Air pollution effects everyone and tackling this problem involves schools working with local communities. A big issue is car idling, particularly outside schools. Car idling produces up to 150 balloons of exhaust emissions per minute containing harmful chemicals like cyanide, Nox and PM2.5.
Utilising and improving your school’s outdoor space for students, staff, plants, animals, and invertebrates is important for any school wishing to be more sustainable and eco-friendly.
There are so many different things you can do and you can start small or undertake a larger project depending on time, cost and resources.
Making the most of your school grounds for learning opportunities is important particularly with the government focus on developing a love of nature as part of their sustainability and climate change strategy for schools. It can be as simple as reading a story outside, going on a bug hunt or playing some team-building games outside. Outdoor Classroom Day happens twice a year in May and November and is a brilliant way of encouraging teachers and students to make the most of being outside. Learning through Landscapes has some great resources for all ages and linking to all curriculum areas as a great starting point. They also provide free grants for early years providers, primary and secondary schools which includes training and your choice of resources and equipment from an extensive list.
A common project schools like to undertake is setting up a school allotment. Look out for local community groups who could provide your school with free equipment, seeds, plants, expertise and help volunteer their time. It is worthwhile signing up to freebie sites as you may also get seeds and equipment that people are giving away or at a low price.
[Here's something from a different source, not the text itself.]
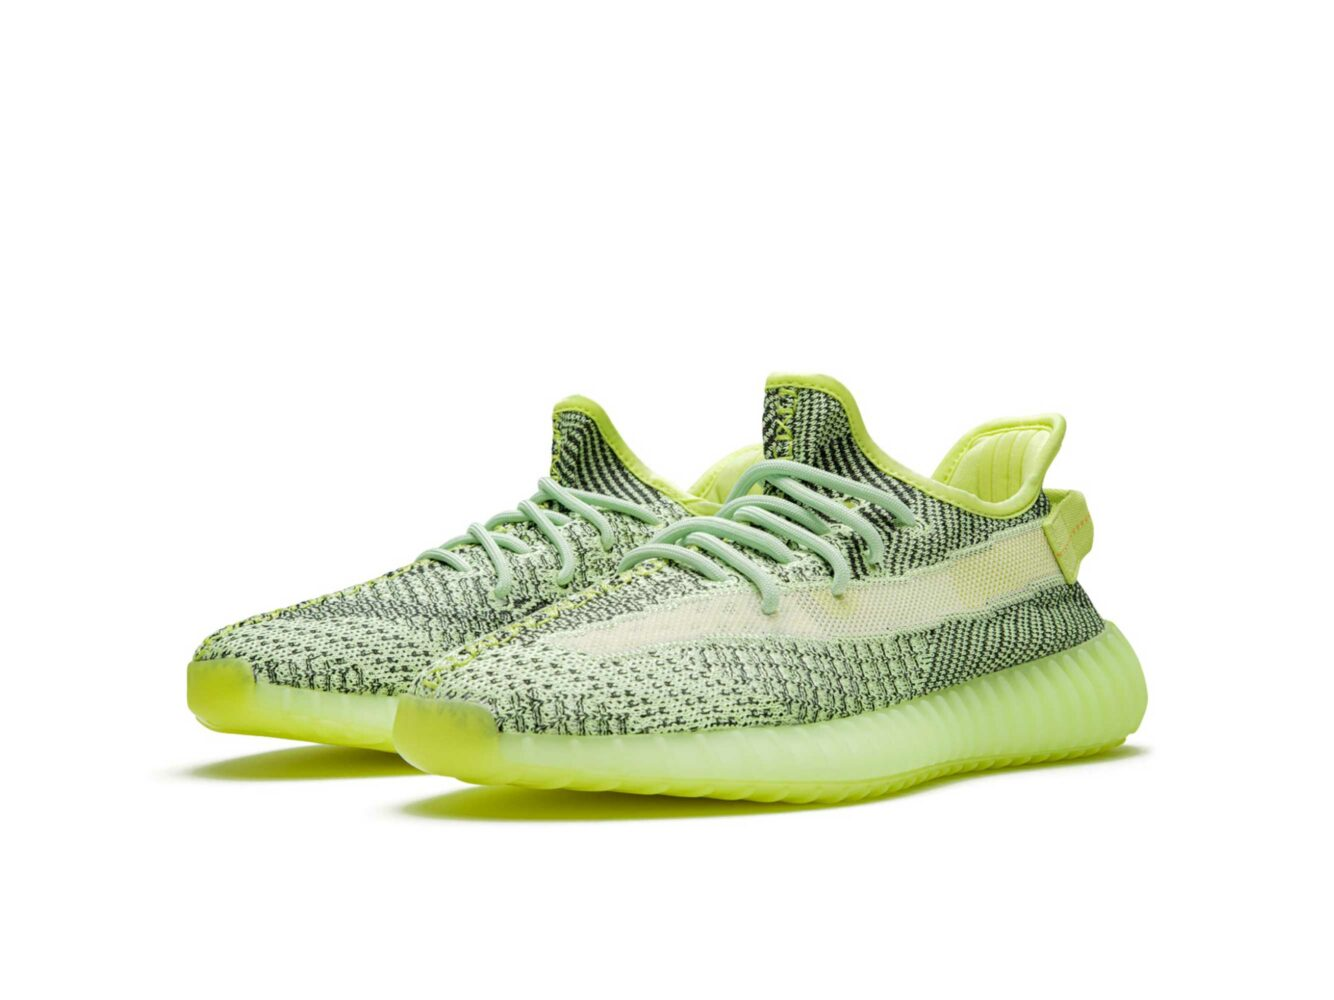 adidas yeezy yeezy boost 350 v2 yeezreel FW5191 купить

Try to go to your local garden centre and see if they can help you with equipment and plants. If you make it a community project, this will widen your scope your support and resources, but also be great for you Eco-schools green flag application. The RHS has lots of resources for schools including how to link gardening to your curriculum and a school-friendly risk assessment, as well as an annual planner on what to plant and harvest when. You may also like the Grow Veg website and youtube channel which also has online child-friendly planning software to design your school garden and what to grow.
Another popular project is planting wildflowers and trees in your school grounds. The Woodland Trust provide free trees and bushes to schools. You can apply in the Spring for delivery in November or in the Winter for delivery in March. From time to time, different charities and organisations offer free packs of wildflower seeds or bee bombs to schools so it is worth looking out for these. You need a lot of wildflower seeds to create a garden and the ground needs to be rotivated in preparation. You can plant seeds from March/April or October time ready for the Spring or Summer. It is worthwhile approaching community groups or your local council for advice and support from park rangers or local wildlife groups.
There are lots of national days and events your school can take part in to make the most of your school grounds. One example is the RSPB Big Garden Birdwatch which takes place in January each year. Simply count the birds you see in your garden, from your balcony, local park or in your school grounds for one hour. Students can also take part at home or you can incorporate it alongside a visit to a local park or woodland.
Understanding how plants grow, how foodchains and ecosystems work and what animals need to survive are all important parts of the Science Curriculum. What better way for children to learn about and understand them than through practical lessons outside throughout the year. By growing your own plants students can observe changes, perhaps keeping a growing diary or carrying out an experiment to see what ideal conditions are. Students could compare the features of different plants and what plants need what conditions to grow.
Whilst gardening and being outside, children will naturally find wildlife and invertebrates which leads to questioning and discussion around pollination, foodchains and foodwebs and ecosystems. Identify bird, insects or wildlife using a taxonomic key, perhaps getting children to create their own. For younger children, you could play a game of bingo to see if children can find all the species in your school grounds or at the local park.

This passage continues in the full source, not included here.